## Task description
Without its pictures, the listing below is to be transcribed exactly.
[Material provided — start]
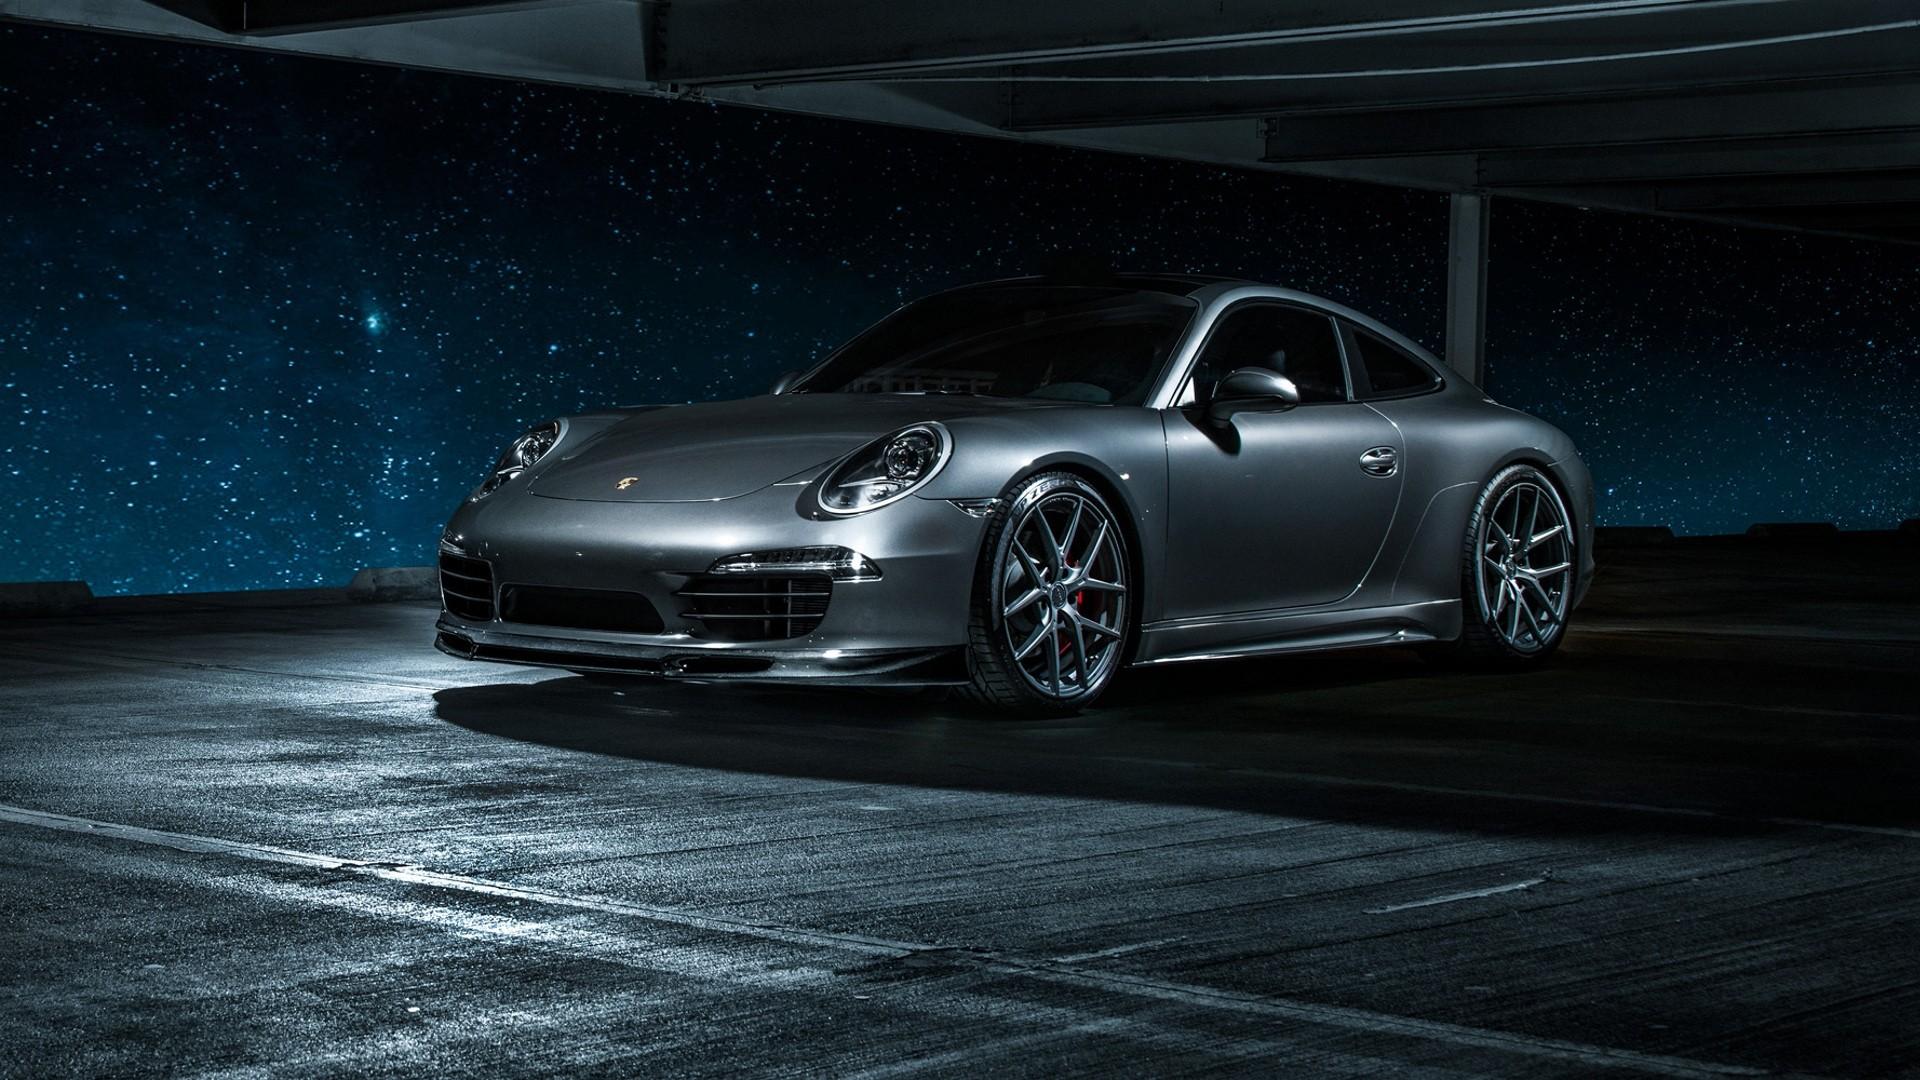 2015 porsche 911 carrera 4s wallpaper hd car wallpapers - Porsche 911 carrera s wallpaper ...
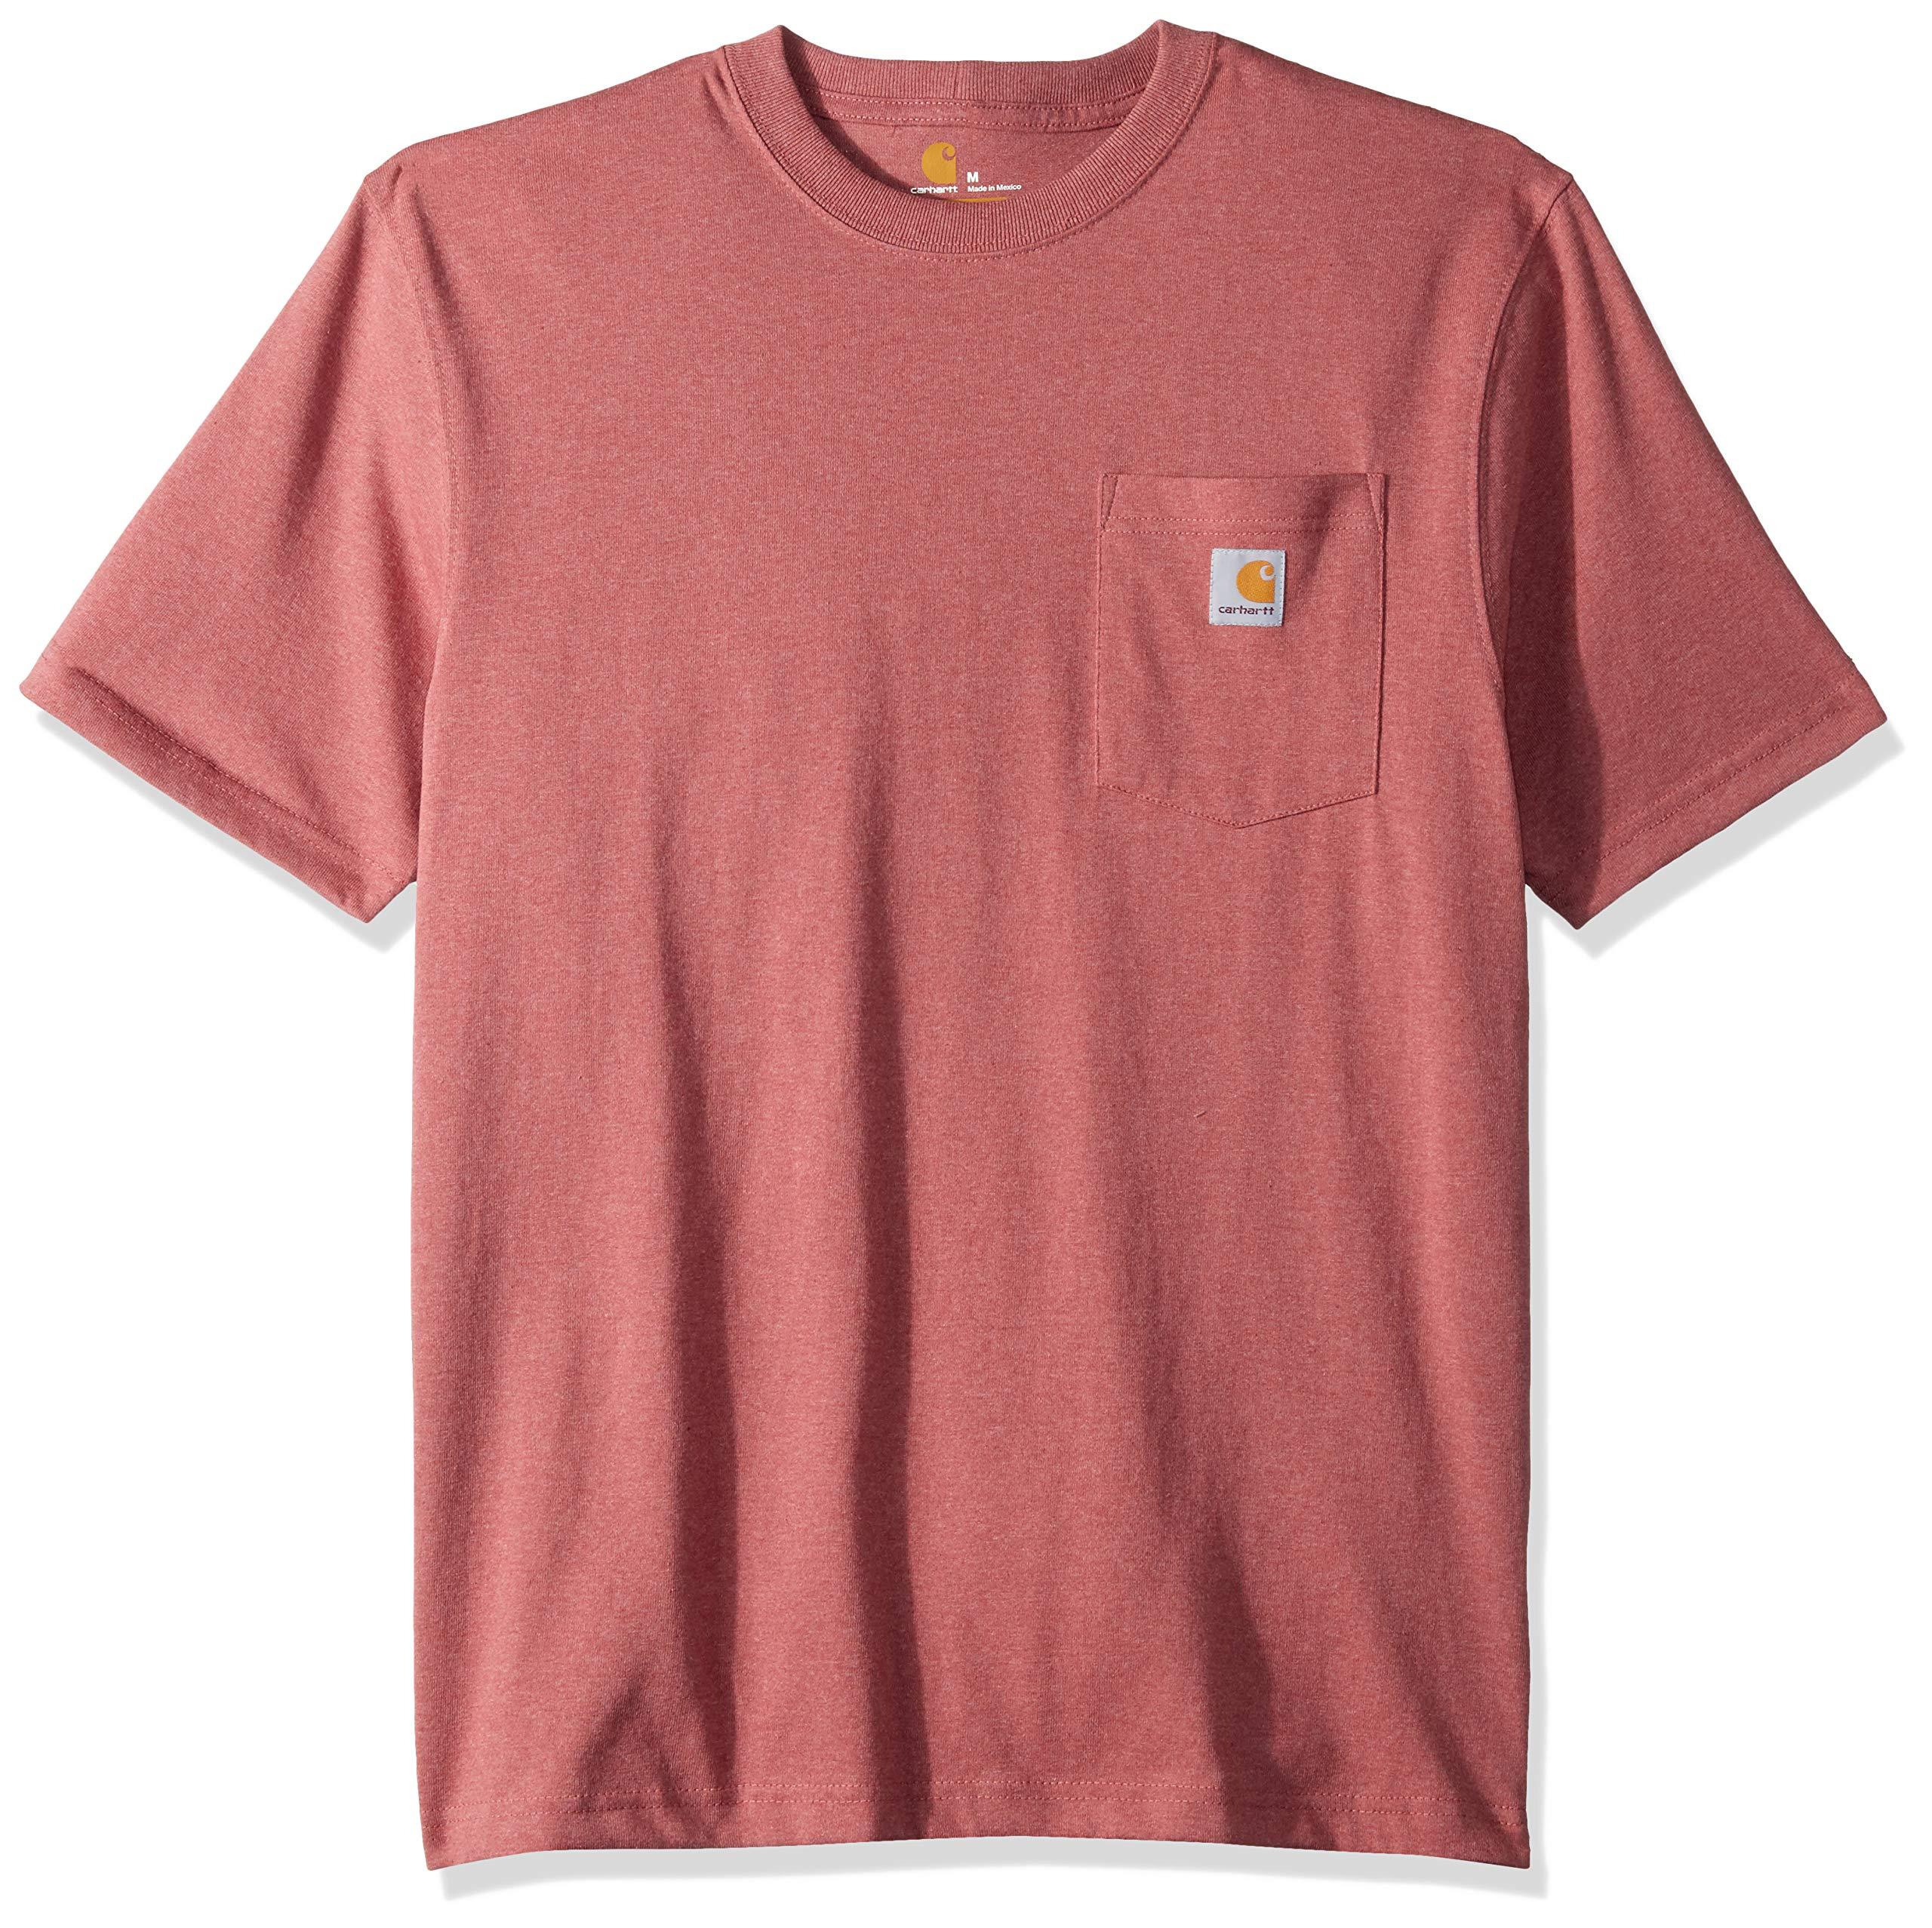 Carhartt Men's K87 Workwear Pocket Short Sleeve T-Shirt (Regular and Big & Tall Sizes), Brick dust heather, X-Large by Carhartt
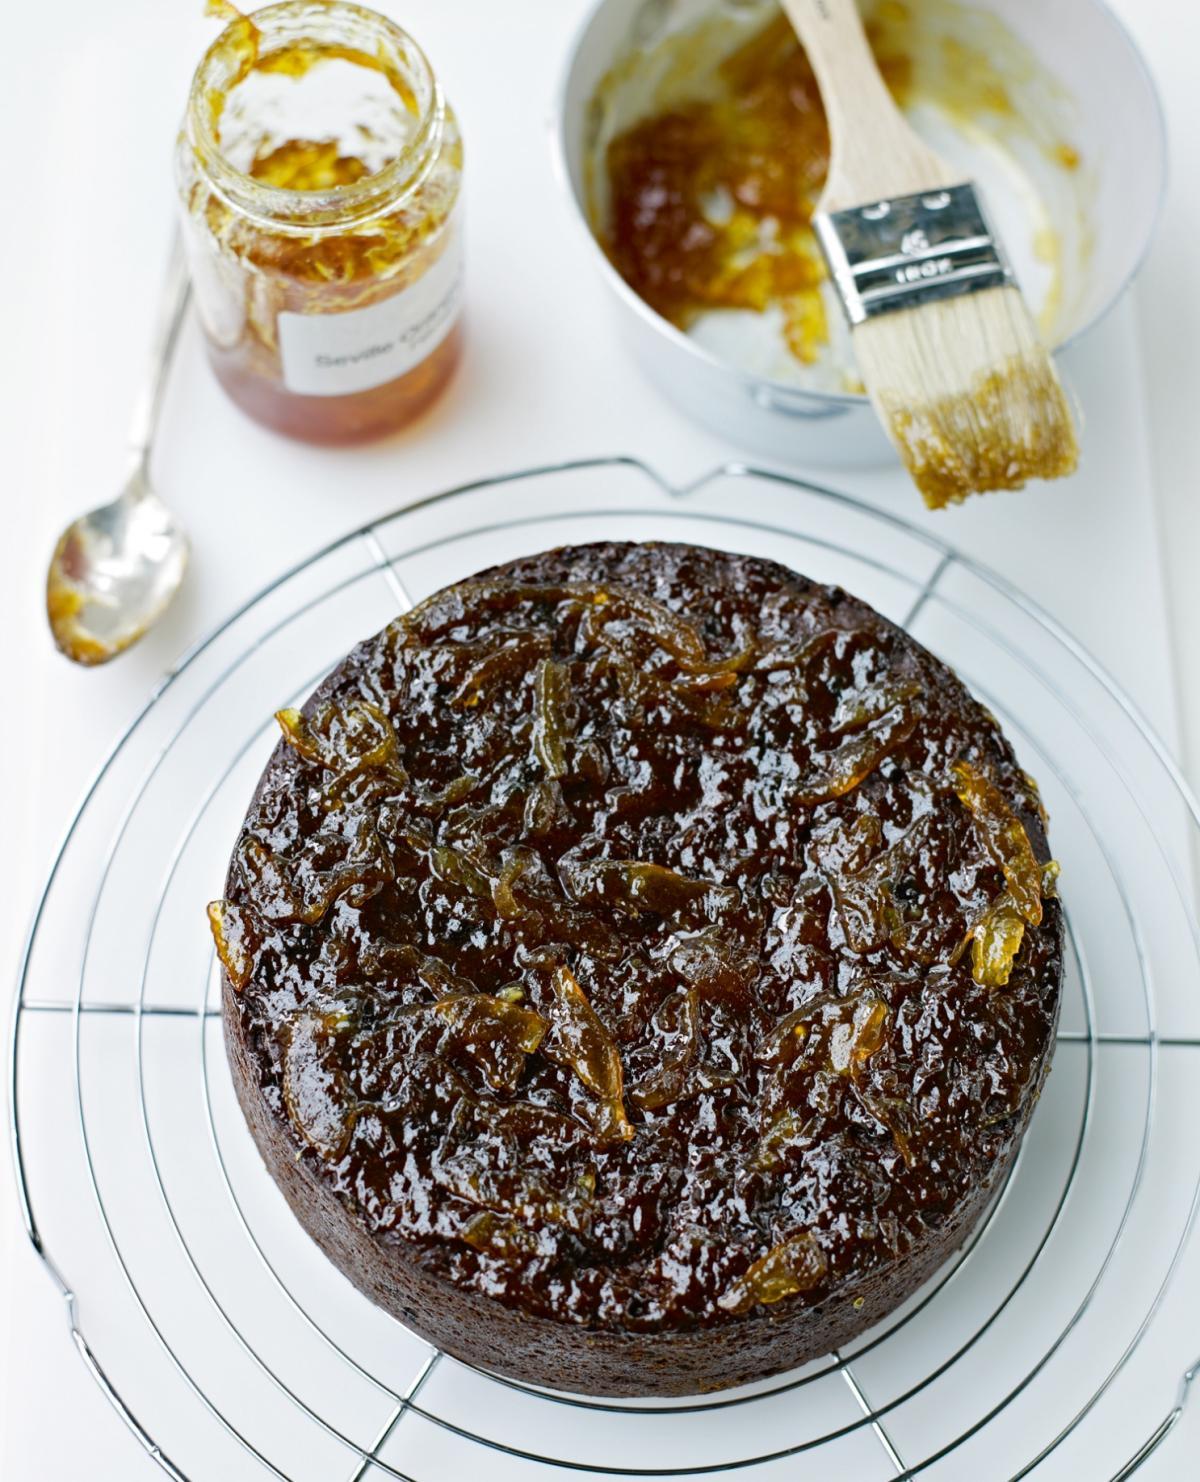 A picture of Delia's Cake Recipes recipes
[Material provided — finish]
## Task result
 2015 porsche 911 carrera 4s wallpaper hd car wallpapers - Porsche 911 carrera s wallpaper ...
 Carhartt Men's K87 Workwear Pocket Short Sleeve T-Shirt (Regular and Big & Tall Sizes), Brick dust heather, X-Large by Carhartt
 A picture of Delia's Cake Recipes recipes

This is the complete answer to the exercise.